March 28th, 2013, 12:30 AM
Hello all. I am trying to make a program to generate all the primes up to 10^9 however i am not able to make an array of integers of that size. I understand how the sieve works but how can I go about generating all the primes up to said number?
March 28th, 2013, 02:27 AM
One way would be to have an array of bits, rather than an array of bytes (or worse, integers).

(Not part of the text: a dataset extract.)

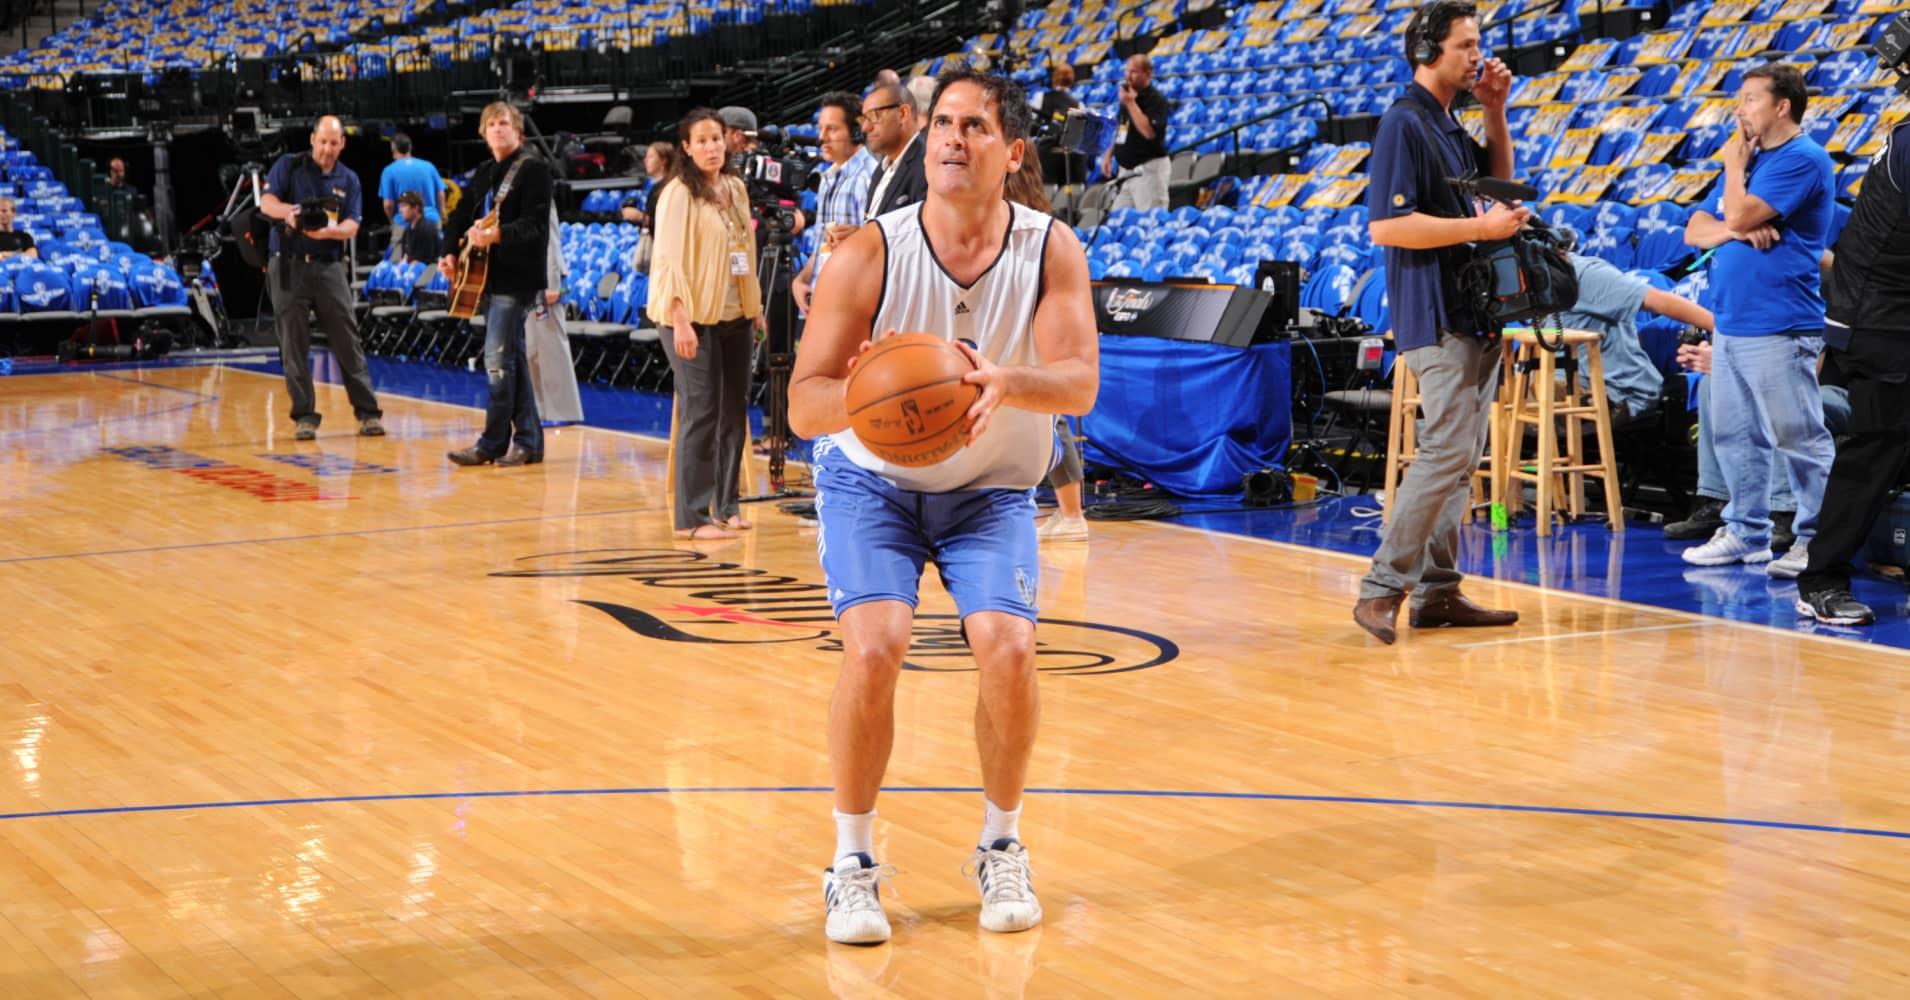 Mark Cuban, self-made billionaire and owner of the the Dallas Mavericks

So you only use one bit to indicate whether a number is prime or not.
Comments on this post
March 28th, 2013, 09:33 AM
Certainly one efficient way of doing it by Salems method. But however an alternative way is to use linked list?

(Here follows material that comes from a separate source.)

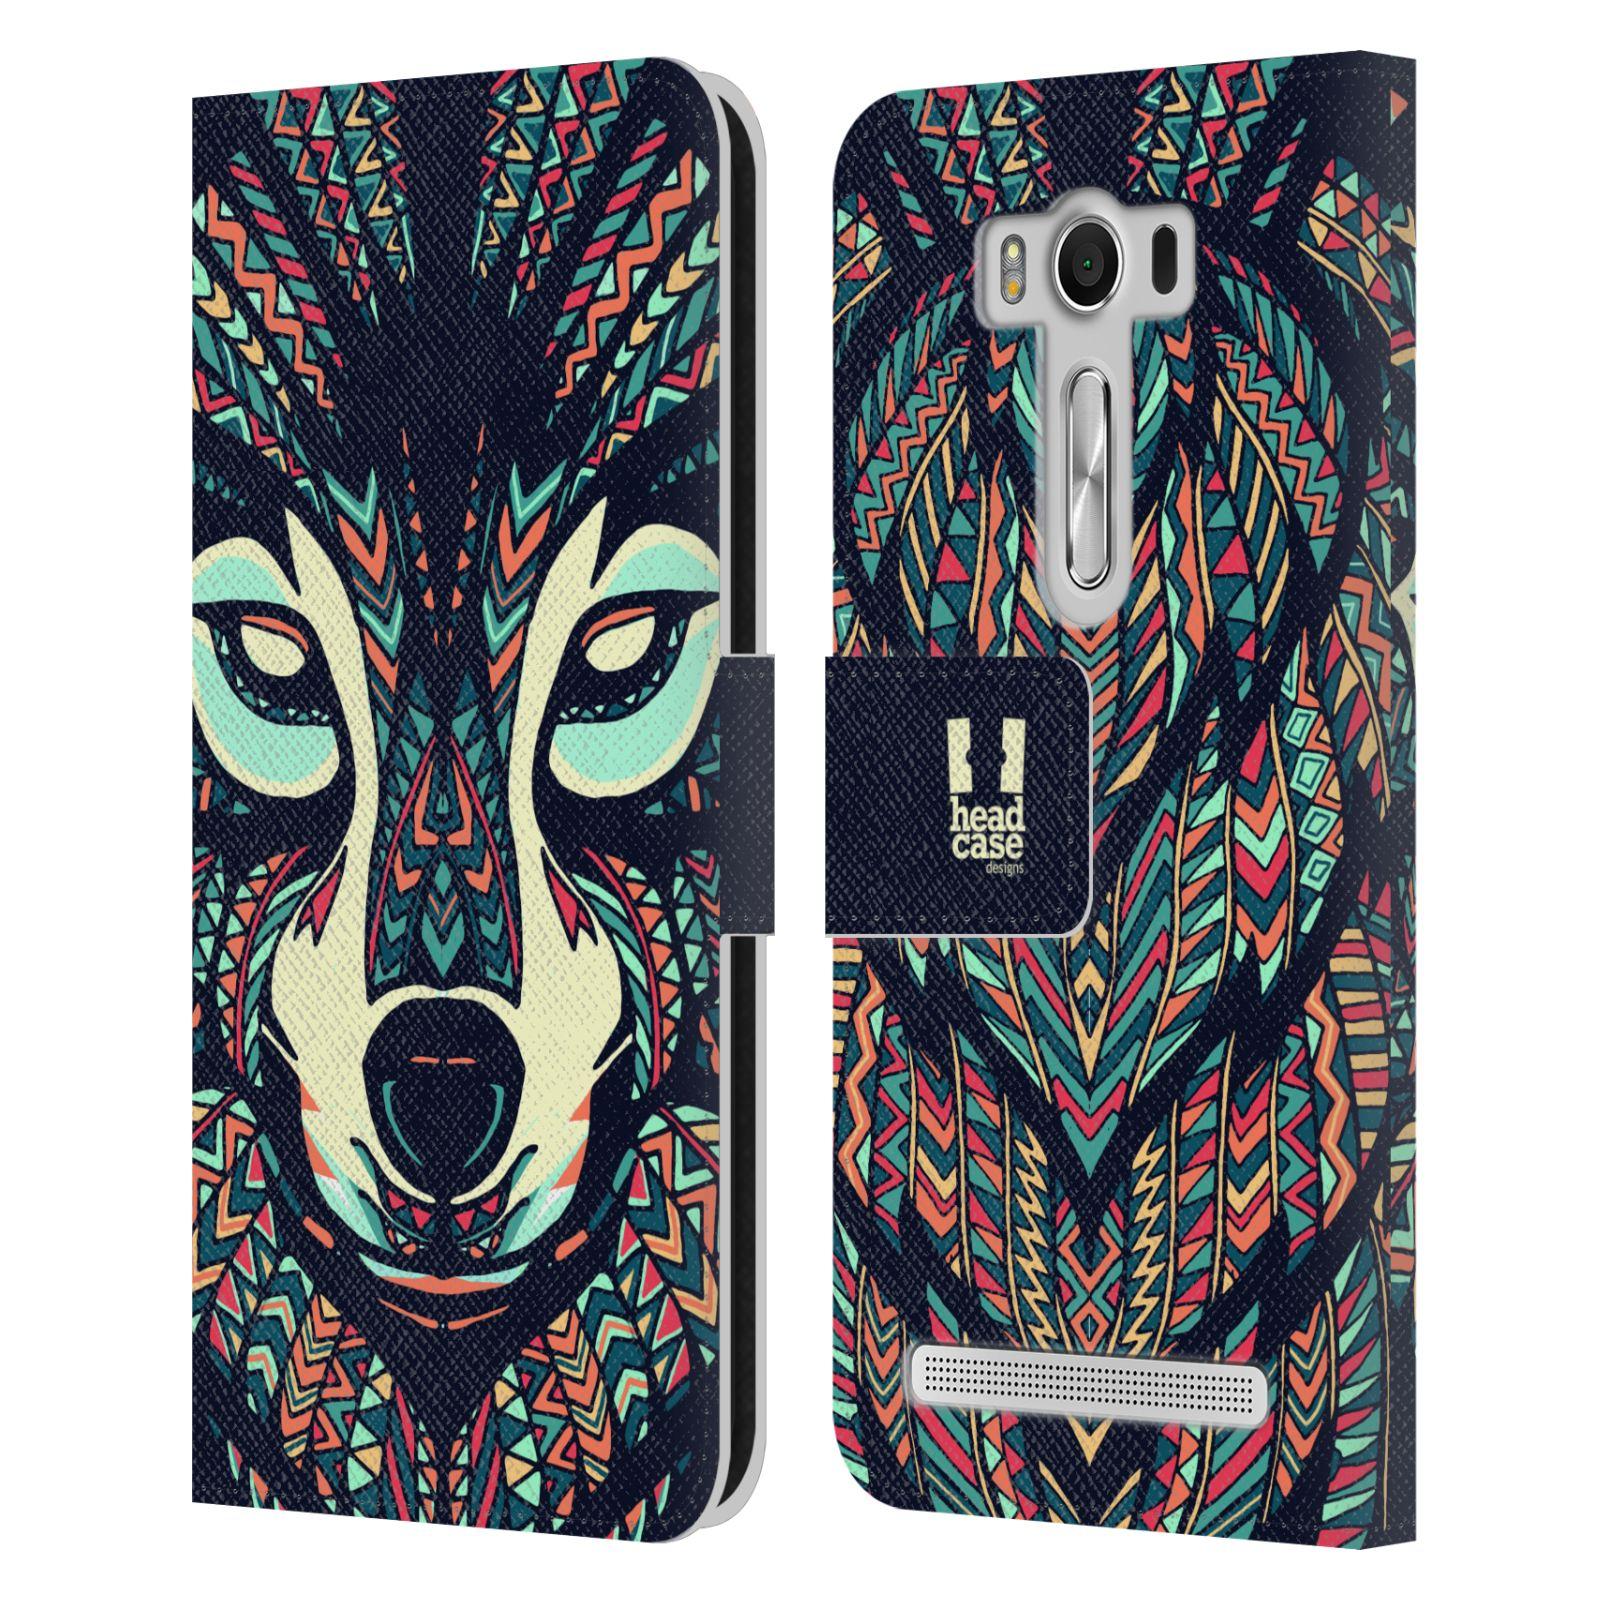 Pouzdro na mobil Asus Zenfone 2 Laser ZE500KL - Head Case - Aztécký vlk

March 28th, 2013, 12:11 PM
You don't need an array of integers for a sieve - just an array of booleans. That should cut down your memory consumption by a factor of 4, down to 1GB, which should fit into your memory fine.

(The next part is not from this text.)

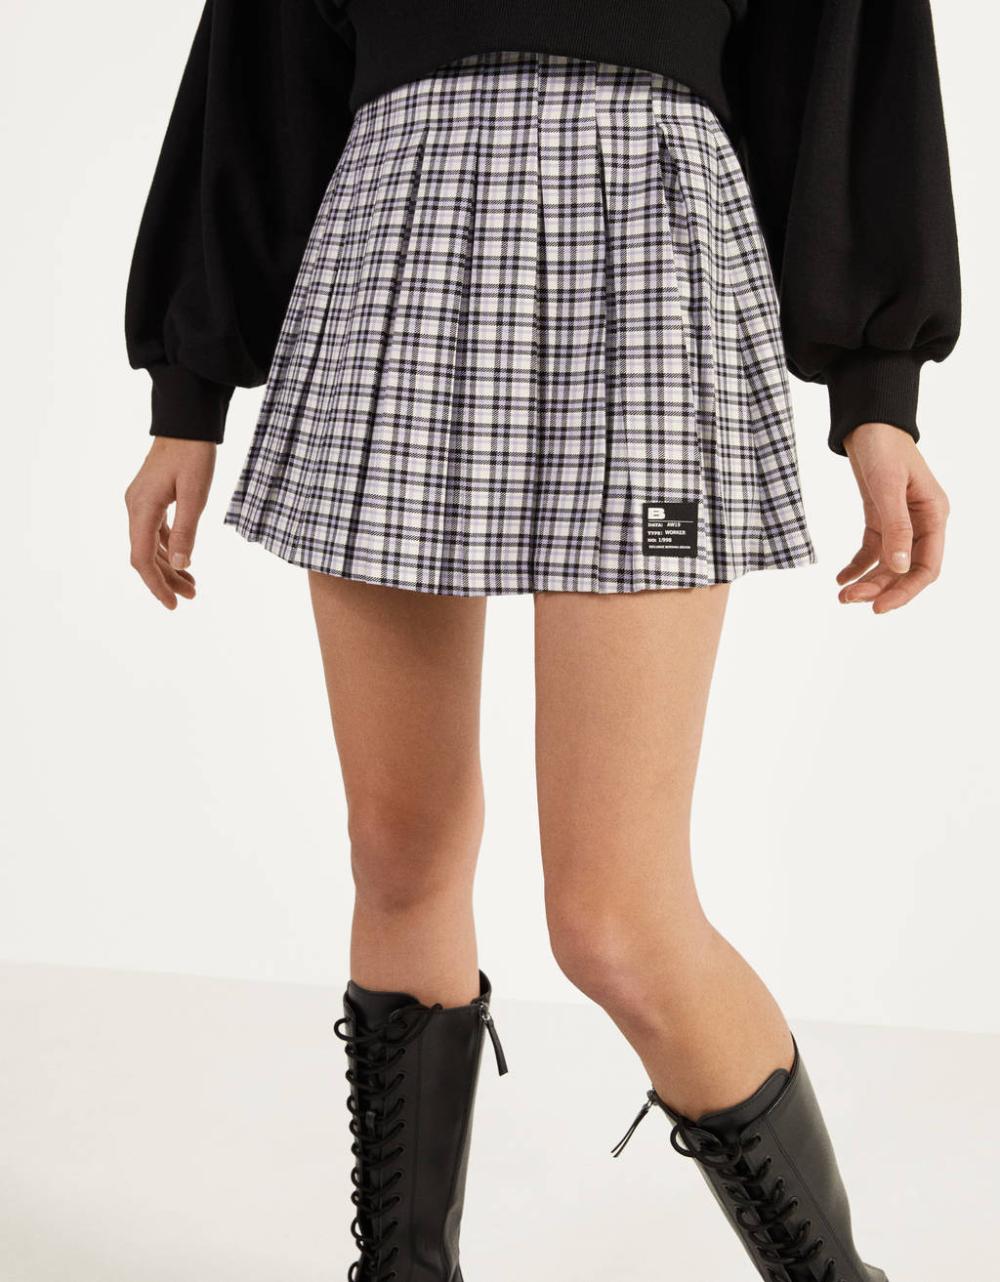 Pleated Mini Skirt Skirts Bershka United States In 2020 Mini Skirts Pleated Mini Skirt Pleated Mini Skirt Outfit

Originally Posted by thomas12
Using bits instead of bytes, as salem suggested, will cut it down by another factor of 8, down to 125MB. If you're using C++, you get this for free by using a vector<bool>.
Also note that you should allocate large arrays on the heap, not the stack. The amount of memory that can be allocated on the stack is much more limited than on the heap. On my system it's 8MB, so a sieve for one billion numbers won't fit on the stack even if you use bits.
Using a linked list instead of an array will consume more memory, not less. Also sieve algorithms rely on random access being O(1). If you use a linked list for a sieve, that completely destroys its runtime - you might just as well use a naive non-sieve algorithm then.
Originally Posted by ssharish2005
March 28th, 2013, 12:27 PM
You should end up with 50,847,533 prime numbers.
p: inv 1e9
You could use Miller-Rabin test instead of sieve.
To quickly compute a large sieve you could compute in separate blocks. Maybe I'll implement this to better understand timing based on working within my level 2 cache.
In other words, instead of sieving all billion numbers at once do them in blocks of a kilobyte or something. Probably needless to say, the blocking is separable from bit representation versus unsigned int. Bits give you a factor of 32 more numbers you can sieve.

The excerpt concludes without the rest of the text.